OpenAI has said that rising UK energy costs were behind the company’s decision to row back on its commitment to build a key data centre in Northeast England.
The company, best known for its ChatGPT large language model, last year announced that it was taking part in Stargate UK, an AI infrastructure partnership with NVIDIA and Nscale to strengthen the UK’s compute capabilities.
According to announcements made at the time, a key part of Stargate UK was plans to build a new data centre at Cobalt Park in North Tyneside, which was expected to form part of a newly designated AI Growth Zone in the North East.
As part of the project, Open AI said it would explore leasing up to 8,000 GPUs in Q1 2026, with the potential to scale up to 31,000 GPUs over time.

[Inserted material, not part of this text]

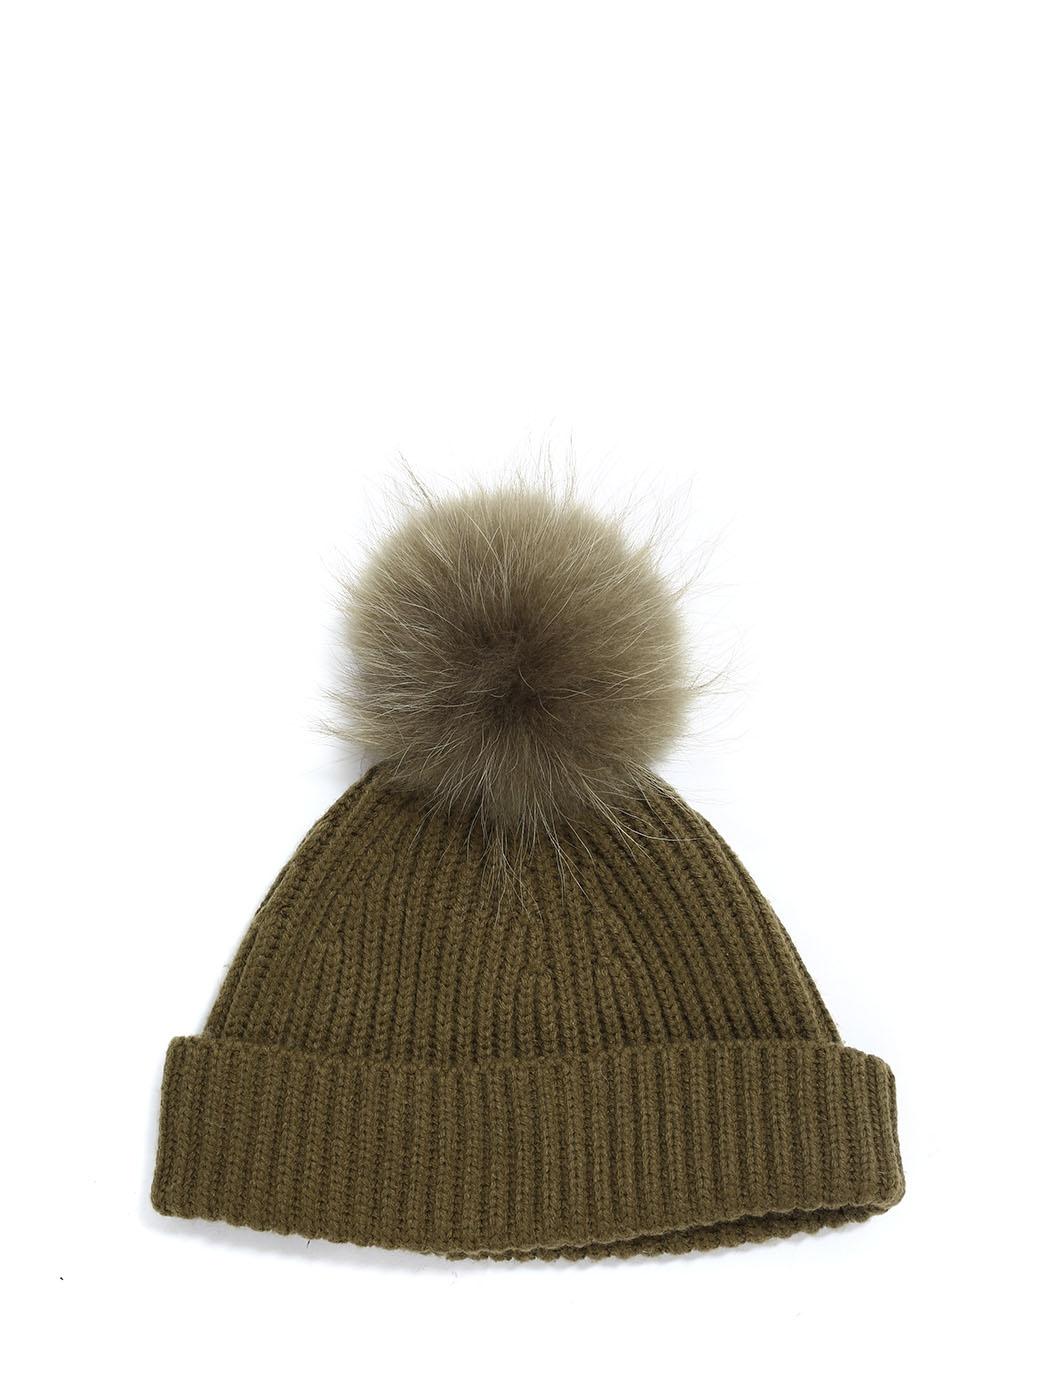 Wool-blend Knit Beanie with Faux Fur Pompom Black Knit Beanie The Mara Beanie  Women/'s Knit Hat

However, last week OpenAI emailed a statement to journalists announcing its intention to pause Stargate UK.
“AI compute (the resources used to train AI models) is foundational to that goal [of building the UK’s AI future],” OpenAI said.
“We continue to explore Stargate UK and will move forward when the right conditions such as regulation and the cost of energy enable long-term infrastructure investment.”
Energy costs in the UK are expected to rise in the near term due to the delayed impact of US and Israeli strikes on Iran, which have prompted a wider regional escalation.
The news comes as a blow to the UK government which signed the Stargate UK agreement as part of a wider £31 billion deal with a handful of US based Tech companies to coincide with President Donald Trump’s state visit to the UK last year.
The agreement, designed to deepen collaboration on emerging technologies, including AI, quantum computing and civil nuclear energy, was suspended by Washington officials in December.